RECORDS SUPPLIED:
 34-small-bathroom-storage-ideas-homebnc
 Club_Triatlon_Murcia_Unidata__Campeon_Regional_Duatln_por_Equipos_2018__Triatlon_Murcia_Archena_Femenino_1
---
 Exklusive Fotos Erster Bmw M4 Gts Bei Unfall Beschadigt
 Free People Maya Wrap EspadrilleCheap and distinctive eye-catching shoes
---
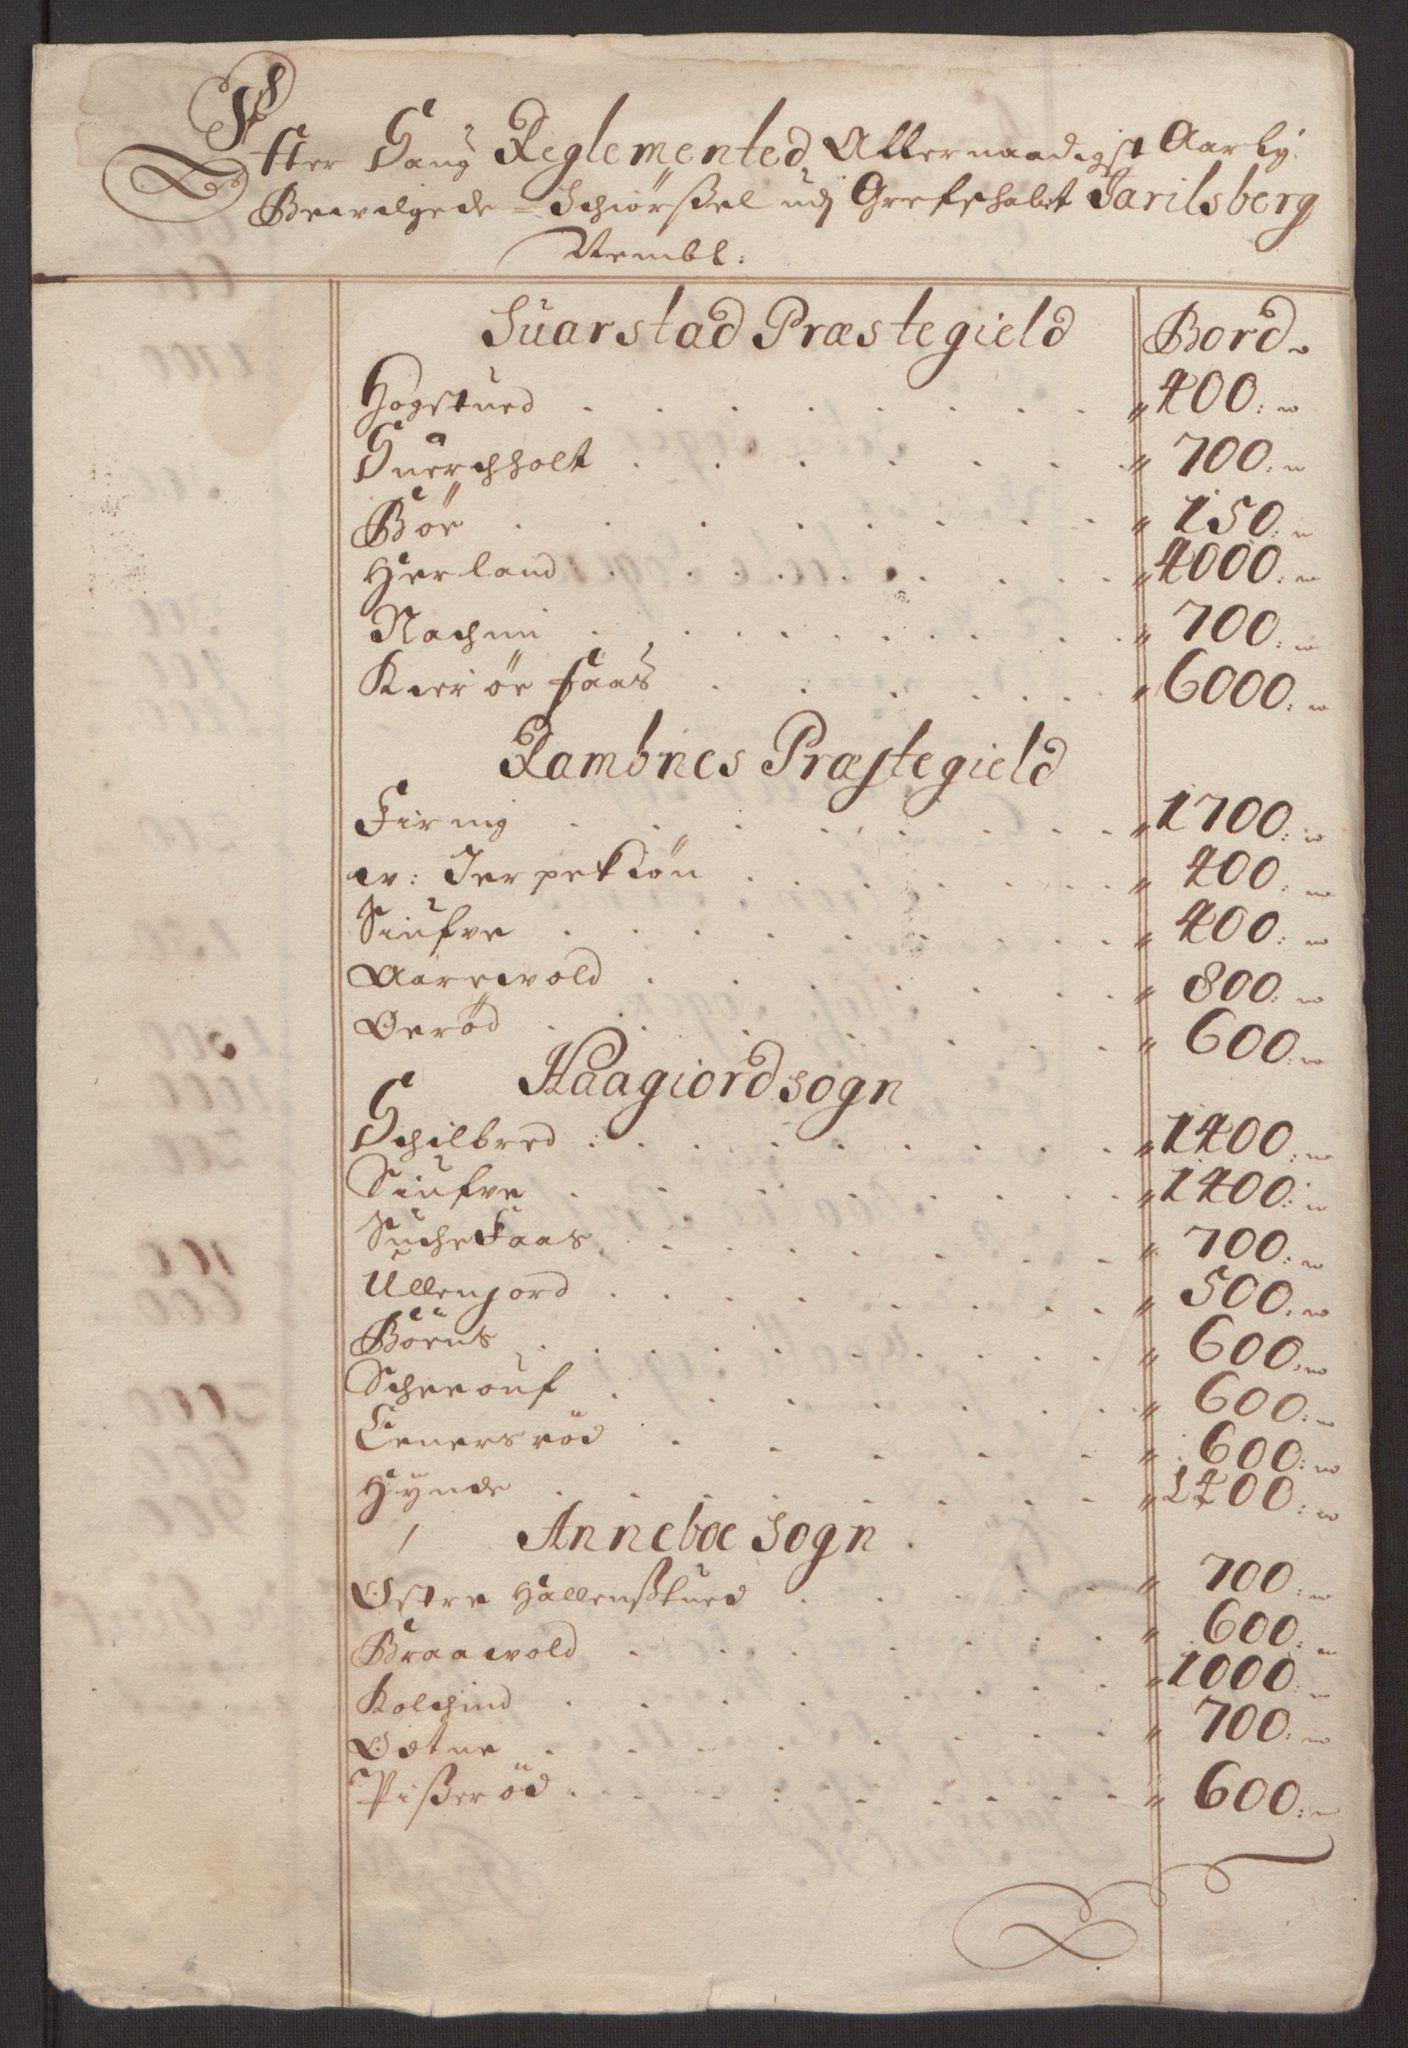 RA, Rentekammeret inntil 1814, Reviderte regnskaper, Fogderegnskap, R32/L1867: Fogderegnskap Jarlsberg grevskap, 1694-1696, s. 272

TASK PROMPT: Only one stretch of the data above is needed. Restate it word for word, from the line containing "Exklusive Fotos Erster" through the line containing "Free People Maya", both ends included.

SOLVED EXERCISE:
 Exklusive Fotos Erster Bmw M4 Gts Bei Unfall Beschadigt
 Free People Maya Wrap EspadrilleCheap and distinctive eye-catching shoes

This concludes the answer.